The CMAA also manages the Cambodian Mine/ERW Victim Information System (CMVIS) which maintains updated information on casualties and incidents. This information is publicly available and is used by operators to plan the targeting of risk education activities.[20]

National Standards and guidelines

There are currently no national risk education standards, although these are reported to be under development.[21]

Goal 4, Objective 1, of the National Mine Action Strategy 2018–2025, aims to “provide effective mine/ERW risk education to people in current and emerging high-risk areas, appropriate for gender and age and strengthen local initiative network,” in order to reduce the occurrence of mine, cluster munition remnants, and other ERW casualties.[22] This includes strengthening operator capacity to provide effective risk education; coordinating the provision of risk education in emerging high-risk areas; ensuring the mainstreaming of risk education in the school curriculum; reinforcing community-based risk education, and strengthening risk education in the Village/Commune Safety Policy.[23]

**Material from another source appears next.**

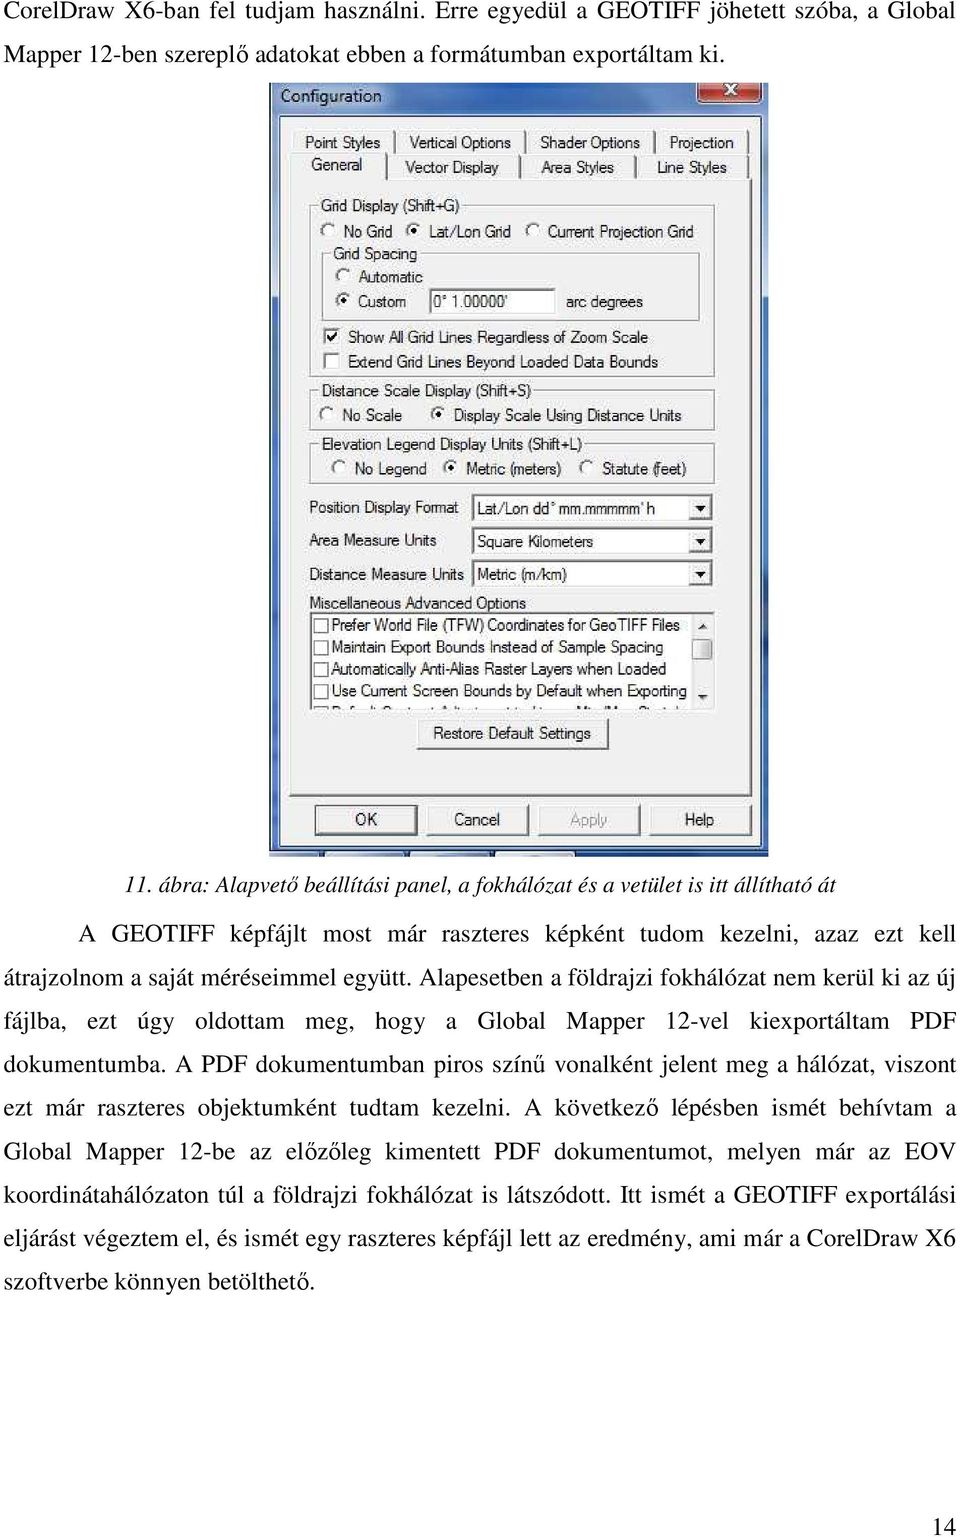 Alapesetben a földrajzi fokhálózat nem kerül ki az új fájlba, ezt úgy oldottam meg, hogy a Global Mapper 12-vel kiexportáltam PDF dokumentumba.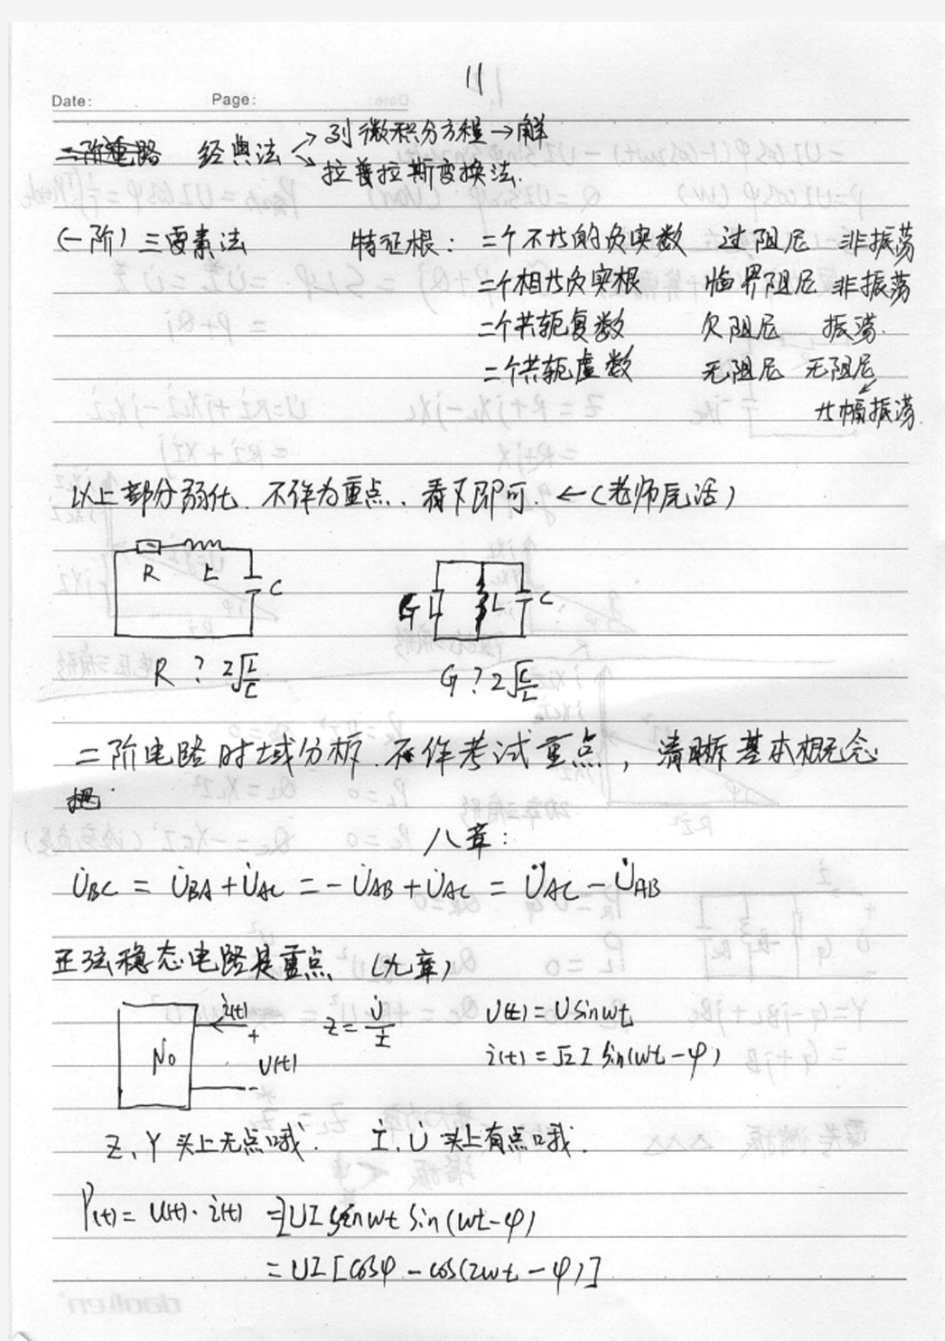 重庆大学电路原理考研笔记及部分试题

Victim assistance management and coordination

Victim assistance management and coordination overview [24]

Government focal points

CMAA; Ministry of Social Affairs, Veterans and Youth Rehabilitation (MoSAVYR); Persons with Disabilities Foundation (PWDF); Disability Action Council (DAC)

Coordination mechanisms

CMAA; DAC*; MoSAVYR

Legislation

Law on the Protection and Promotion of Rights of Persons with Disabilities, July 2009

Plans/strategies

National Disability Strategic Plan 2019–2023, adopted in 2019

Disability sector integration

 

DAC (established in 2009) is a governmental agency attached to the MoSAVYR

PWDF (created under MoSAVYR) to provide rehabilitation services for persons with disabilities; manage rehabilitation centers; provide funds for implementing various projects, such as support for education and vocational training; manage job placement services; and prepare policies for assisting and supporting persons with disabilities

Note: * The DAC is located within MoSAVYR, which provides it with technical, coordination, and advisory services.

Laws and policies

Following the National Plan of Action for Persons with Disabilities including Landmine/ERW Survivors for 2008–2011, and the subsequent National Disability Strategic Plan (NDSP) for 2014–2018, Cambodia developed the NDSP 2019–2023 for policy, reform of disability services, institutional capacity strengthening, poverty reduction and job opportunities.[25] Objectives relevant to the support and reintegration of mine/ERW survivors are also included within the NSPD 2019–2023,[26] and in the National Mine Action Strategy 2018–2025.[27]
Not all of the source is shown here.